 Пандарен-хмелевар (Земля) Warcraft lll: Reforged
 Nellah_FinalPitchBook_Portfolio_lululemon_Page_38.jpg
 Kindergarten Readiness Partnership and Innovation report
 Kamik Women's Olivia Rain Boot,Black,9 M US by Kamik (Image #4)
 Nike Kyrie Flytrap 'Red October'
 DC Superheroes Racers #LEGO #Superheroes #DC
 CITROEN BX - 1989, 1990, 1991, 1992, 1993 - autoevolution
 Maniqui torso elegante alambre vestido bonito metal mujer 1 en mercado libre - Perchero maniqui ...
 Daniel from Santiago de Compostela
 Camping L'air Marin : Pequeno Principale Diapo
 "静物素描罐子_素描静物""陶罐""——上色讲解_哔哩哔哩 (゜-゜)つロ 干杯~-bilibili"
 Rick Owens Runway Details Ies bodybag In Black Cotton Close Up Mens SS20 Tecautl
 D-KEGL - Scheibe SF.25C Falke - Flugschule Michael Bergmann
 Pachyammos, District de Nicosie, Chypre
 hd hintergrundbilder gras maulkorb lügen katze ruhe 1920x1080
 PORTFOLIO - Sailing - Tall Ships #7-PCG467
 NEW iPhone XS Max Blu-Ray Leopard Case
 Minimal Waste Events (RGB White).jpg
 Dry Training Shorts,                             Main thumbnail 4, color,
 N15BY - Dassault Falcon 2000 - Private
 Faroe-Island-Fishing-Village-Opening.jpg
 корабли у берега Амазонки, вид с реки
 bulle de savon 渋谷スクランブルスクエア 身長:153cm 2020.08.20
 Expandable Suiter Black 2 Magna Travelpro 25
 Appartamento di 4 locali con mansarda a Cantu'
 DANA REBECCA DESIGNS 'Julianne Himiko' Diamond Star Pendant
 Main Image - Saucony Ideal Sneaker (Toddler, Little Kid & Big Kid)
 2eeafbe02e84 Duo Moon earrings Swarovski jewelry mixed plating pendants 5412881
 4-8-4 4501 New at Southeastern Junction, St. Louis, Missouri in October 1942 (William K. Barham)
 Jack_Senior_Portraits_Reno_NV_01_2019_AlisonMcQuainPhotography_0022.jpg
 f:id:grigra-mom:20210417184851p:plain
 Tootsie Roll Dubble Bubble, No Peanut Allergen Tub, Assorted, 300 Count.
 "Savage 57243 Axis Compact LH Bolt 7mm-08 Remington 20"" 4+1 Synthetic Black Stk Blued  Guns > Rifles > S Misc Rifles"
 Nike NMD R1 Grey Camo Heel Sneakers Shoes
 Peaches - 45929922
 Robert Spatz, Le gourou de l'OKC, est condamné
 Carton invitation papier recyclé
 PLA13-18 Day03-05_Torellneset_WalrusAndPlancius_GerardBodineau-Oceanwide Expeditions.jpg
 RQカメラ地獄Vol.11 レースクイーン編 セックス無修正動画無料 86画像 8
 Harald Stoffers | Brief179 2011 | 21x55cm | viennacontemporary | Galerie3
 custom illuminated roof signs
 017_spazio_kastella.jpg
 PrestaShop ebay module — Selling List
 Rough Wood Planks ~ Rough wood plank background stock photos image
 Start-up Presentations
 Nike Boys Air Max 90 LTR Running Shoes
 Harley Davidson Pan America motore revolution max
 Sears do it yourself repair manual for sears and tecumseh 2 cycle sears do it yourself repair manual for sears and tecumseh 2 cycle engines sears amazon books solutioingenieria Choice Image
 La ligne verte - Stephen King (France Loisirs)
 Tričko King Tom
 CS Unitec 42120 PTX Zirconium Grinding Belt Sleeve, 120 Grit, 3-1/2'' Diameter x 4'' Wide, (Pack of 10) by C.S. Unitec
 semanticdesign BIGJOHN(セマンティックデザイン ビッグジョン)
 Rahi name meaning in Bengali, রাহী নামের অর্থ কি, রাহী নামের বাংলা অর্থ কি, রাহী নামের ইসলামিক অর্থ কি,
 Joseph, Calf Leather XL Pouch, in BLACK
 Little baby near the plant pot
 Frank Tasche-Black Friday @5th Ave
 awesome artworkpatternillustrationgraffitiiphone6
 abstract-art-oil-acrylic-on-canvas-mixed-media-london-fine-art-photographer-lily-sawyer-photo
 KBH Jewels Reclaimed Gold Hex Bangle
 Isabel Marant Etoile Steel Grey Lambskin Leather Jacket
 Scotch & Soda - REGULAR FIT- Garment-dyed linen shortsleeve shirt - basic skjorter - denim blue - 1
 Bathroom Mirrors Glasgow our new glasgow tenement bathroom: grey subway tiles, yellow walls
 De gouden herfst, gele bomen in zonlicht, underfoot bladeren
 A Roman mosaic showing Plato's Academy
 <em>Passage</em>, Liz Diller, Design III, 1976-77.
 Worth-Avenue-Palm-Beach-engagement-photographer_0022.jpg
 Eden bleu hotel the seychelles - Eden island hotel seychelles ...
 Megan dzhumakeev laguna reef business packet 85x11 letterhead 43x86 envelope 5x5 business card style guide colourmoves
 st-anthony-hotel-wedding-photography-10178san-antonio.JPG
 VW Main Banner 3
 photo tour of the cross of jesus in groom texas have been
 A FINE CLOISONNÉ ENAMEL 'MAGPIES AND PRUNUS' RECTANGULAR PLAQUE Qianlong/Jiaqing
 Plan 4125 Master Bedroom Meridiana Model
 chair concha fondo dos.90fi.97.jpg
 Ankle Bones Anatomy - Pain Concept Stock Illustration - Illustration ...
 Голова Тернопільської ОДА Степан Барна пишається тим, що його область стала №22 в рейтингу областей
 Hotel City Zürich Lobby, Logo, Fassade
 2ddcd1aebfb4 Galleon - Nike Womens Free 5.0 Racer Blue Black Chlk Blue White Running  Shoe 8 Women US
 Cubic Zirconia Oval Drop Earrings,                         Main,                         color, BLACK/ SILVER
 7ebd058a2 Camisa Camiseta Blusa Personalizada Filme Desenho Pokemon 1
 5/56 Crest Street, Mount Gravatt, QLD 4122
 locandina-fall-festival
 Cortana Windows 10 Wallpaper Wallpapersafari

→ Exercise: State how many lines in the listing above contain "Little". Offer nothing besides that number.

→ Your response: 2